$7K or Strike: CUNY Union adjunct professors speak out against low wages
Part-time professor: "It's time we show the board what it looks like without our labor."
City University of New York adjunct professors have been pushing for a living wage since 2017. Now that the school's Board of Trustees has ignored their demands, some members of the CUNY union representing adjuncts, faculty and professional staff, Professional Staff Congress (PSC), are pushing for a strike.

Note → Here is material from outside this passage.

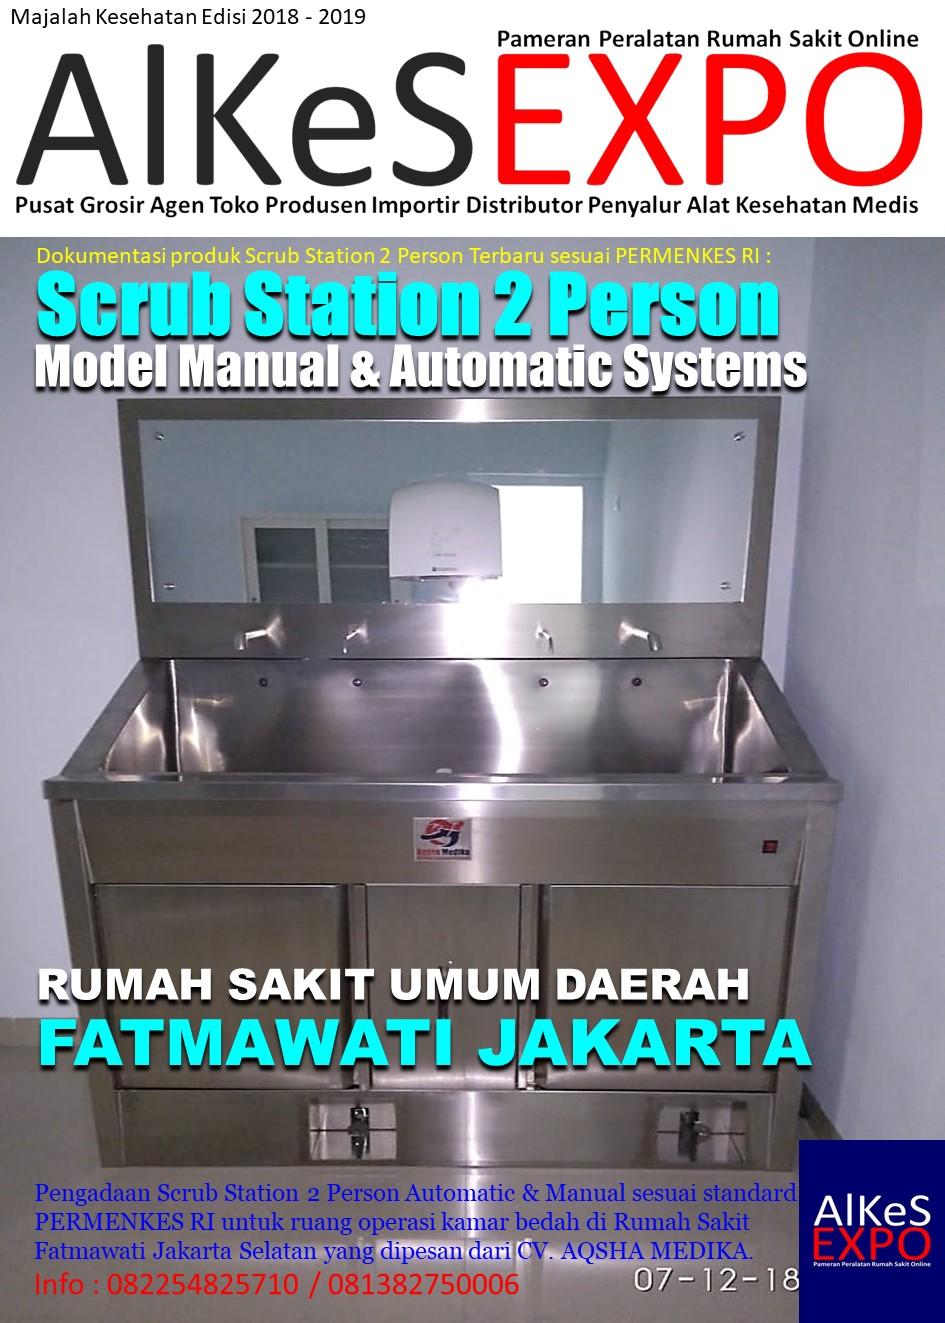 Scrub Station 2 Person Automatic And Manual Systems - Ruang Operasi Instalasi Kamar Bedah Rumah Sakit Fatmawati Jakarta Selatan

"A half-million students in New York City attend CUNY," said Barbara Bowen, president of PSC. "A huge number of the people working in the city today went to CUNY themselves or are hoping that their children or grandchildren attend CUNY. It is a travesty the public university that most working people rely on in the city is consistently underfunded."
At a public hearing for CUNY's proposed budget, angry and disappointed part-time workers spoke for three minutes each, lambasting the Board of Trustees for ignoring their needs. The board, 13 officials appointed by Gov. Andrew Cuomo and Mayor Bill de Blasio and 2 elected representatives, did not respond to any of the individual speakers.
"I have tried to get full-time work at CUNY," said an assistant professor who teaches a stress-management class mandatory for students in her program, and has a master's degree in dance from NYU. "I can't afford to keep working here. The stress of looking for other work has become too great."